2019-10-23 12:46:48 -07:00 · 2019-10-23 12:46:48 -07:00 · f1172617cc
parent 6ce115ec95
commit f1172617cc
6 changed files with 188 additions and 39 deletions
--- a/book/src/implemented-proposals/snapshot-verification.md
+++ b/book/src/implemented-proposals/snapshot-verification.md
@ -0,0 +1,55 @@
+# Snapshot Verification
+
+## Problem
+
+When a validator boots up from a snapshot, it needs a way to verify the account set matches what the rest of the network sees quickly. A potential
+attacker could give the validator an incorrect state, and then try to convince it to accept a transaction that would otherwise be rejected.
+
+## Solution
+
+Currently the bank hash is derived from hashing the delta state of the accounts in a slot which is then combined with the previous bank hash value.

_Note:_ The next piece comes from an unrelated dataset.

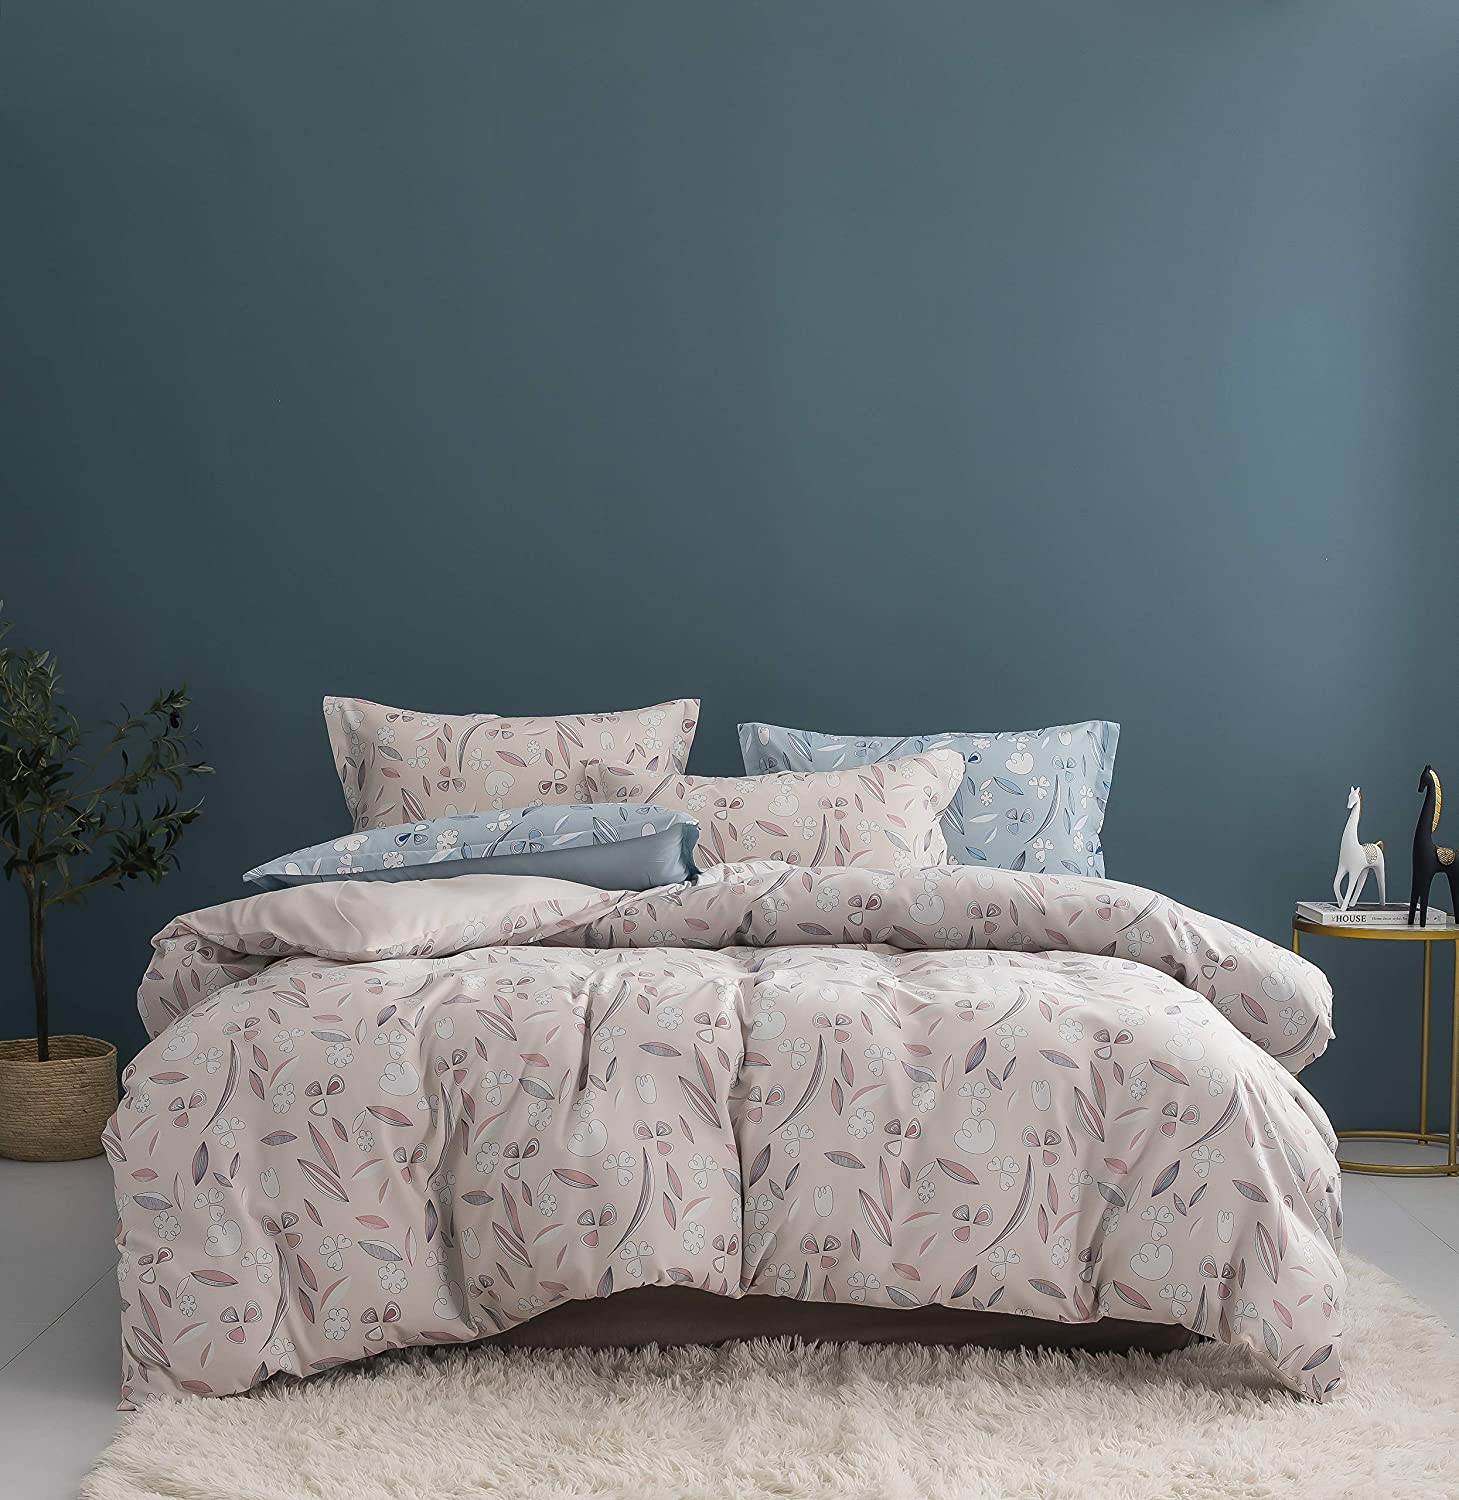 Details about   Homebox Comforter Cover Set 3 Piece Leaf Print Pattern King Bedding Soft Brushed

+The problem with this is that the list of hashes will grow on the order of the number of slots processed by the chain and become a burden to both
+transmit and verify successfully.
+
+Another naive method could be to create a merkle tree of the account state. This has the downside that with each account update, the merkle tree
+would have to be recomputed from the entire account state of all live accounts in the system.
+
+To verify the snapshot, we do the following:
+
+On account store of non-zero lamport accounts, we hash the following data:
+
+* Account owner
+* Account data
+* Account pubkey
+* Account lamports balance
+* Fork the account is stored on
+
+Use this resulting hash value as input to an expansion function which expands the hash value into an image value.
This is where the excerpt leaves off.